- Theatrical release poster
- Spanish: Hasta que la boda nos separe
- Directed by: Dani de la Orden
- Screenplay by: Olatz Arroyo; Marta Sánchez; Eric Navarro;
- Based on: Jour J by Stéphane Kazandjian and Reem Kherici
- Produced by: Mercedes Gamero; Mikel Lejarza; Eduardo Campoy;
- Starring: Belén Cuesta; Álex García; Silvia Alonso; Adrián Lastra; Antonio Dechent; Gracia Olayo; Mariam Hernández; Salva Reina; Leo Harlem;
- Production companies: Atresmedia Cine; Álamo Producciones Audiovisuales;
- Distributed by: A Contracorriente Films
- Release dates: 6 February 2020 (Paterna); 14 February 2020 (Spain);
- Country: Spain
- Language: Spanish

= The Wedding Unplanner =

The Wedding Unplanner (Hasta que la boda nos separe; ) is a 2020 Spanish comedy film directed by Dani de la Orden consisting of a remake of the 2017 French film Jour J. It stars Belén Cuesta, Álex García and Silvia Alonso alongside Adrián Lastra, Antonio Dechent, Gracia Olayo, Mariam Hernández, Salva Reina and Leo Harlem.

== Plot ==
Marina (a wedding planner free from commitments) has a one-night stand with Carlos (in a relationship with Alexia). Upon finding a business card belonging to Marina among Carlos' stuff, Alexia interprets it as a marriage proposal, and so the couple eventually hires Marina (who turns out to be an Alexia's childhood acquaintance) as a planner for their wedding.

== Production ==
An adaptation of the 2017 French film Jour J, the screenplay was penned by Olatz Arroyo, Marta Sánchez and Eric Navarro. An Atresmedia Cine and Álamo Producciones Audiovisuales production, the film had the participation of Movistar+ and Orange. It was shot in between Tenerife and Madrid. Eduardo Campoy, Mercedes Gamero, and Mikel Lejarza took over production duties.

== Release ==
The film was pre-screened on 6 February 2020 in Paterna. Distributed by A Contracorriente Films, it was theatrically released in Spain on 14 February 2020. The film had some time for its theatrical window before the COVID-19 pandemic disruption gave way to a complete closure of Spanish theatres on 13 March 2020, becoming the fourth highest-grossing Spanish film in 2020, with circa €2.7 million (over 452,000 admissions).

== Reception ==
Javier Ocaña of El País wrote that the film, which he considered to be superior to the French original, is "in principle, a good comedy", but that by and large it had already been made "very recently" and next door, considering that the remake trend "may make all the commercial sense in the world. But from an artistic standpoint it is disappointing".
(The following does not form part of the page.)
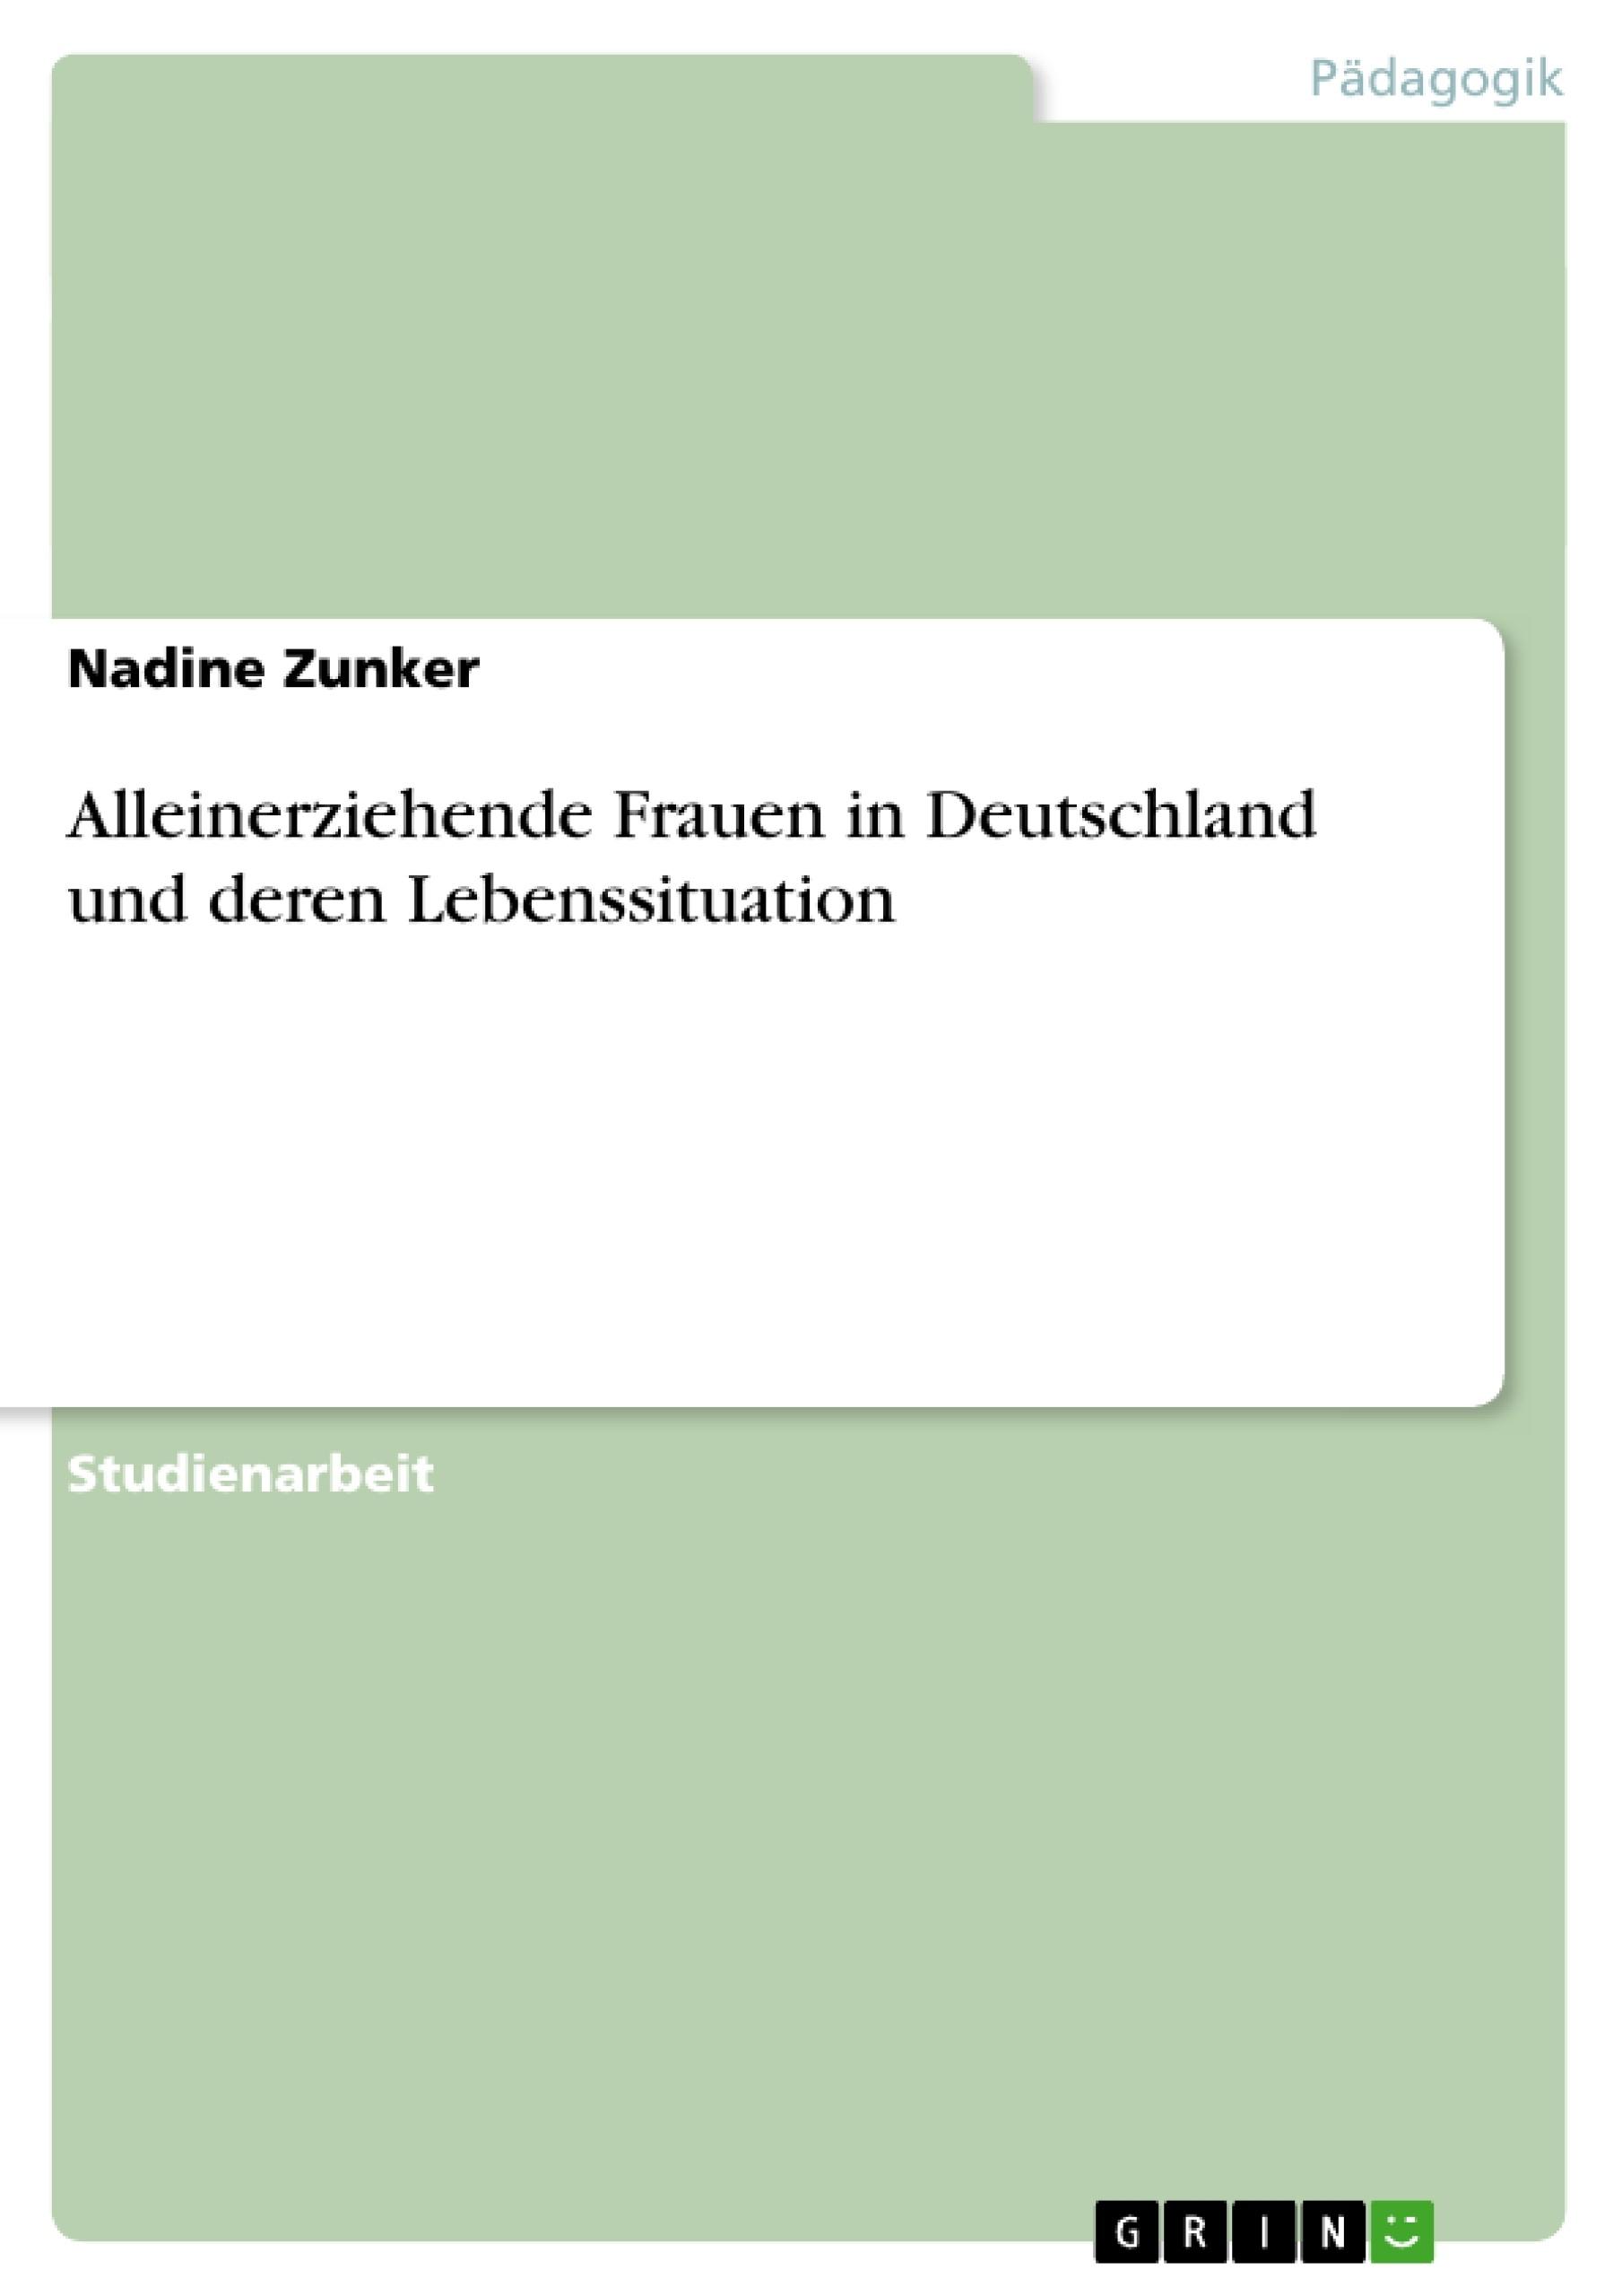 Titel: Alleinerziehende Frauen in Deutschland und deren Lebenssituation

Manu Piñón of Fotogramas rated the film 3 out of 5 stars, highlighting Cuesta and García's comedy performances as the best thing about the film.

Beatriz Martínez of El Periódico de Catalunya rated the film 2 out of 5 stars, deeming it to "a correct film, but one that we have seen a thousand times. Functional, but aseptic".

Wondering if it had already come the time to praise the much vilified trend of film remakes, Rubén Romero Santos of Cinemanía rated the film 31/2 out of 5 stars, assessing that the wedding reception "is basically the same" (as in the French film) but "leaves a better taste in the mouth".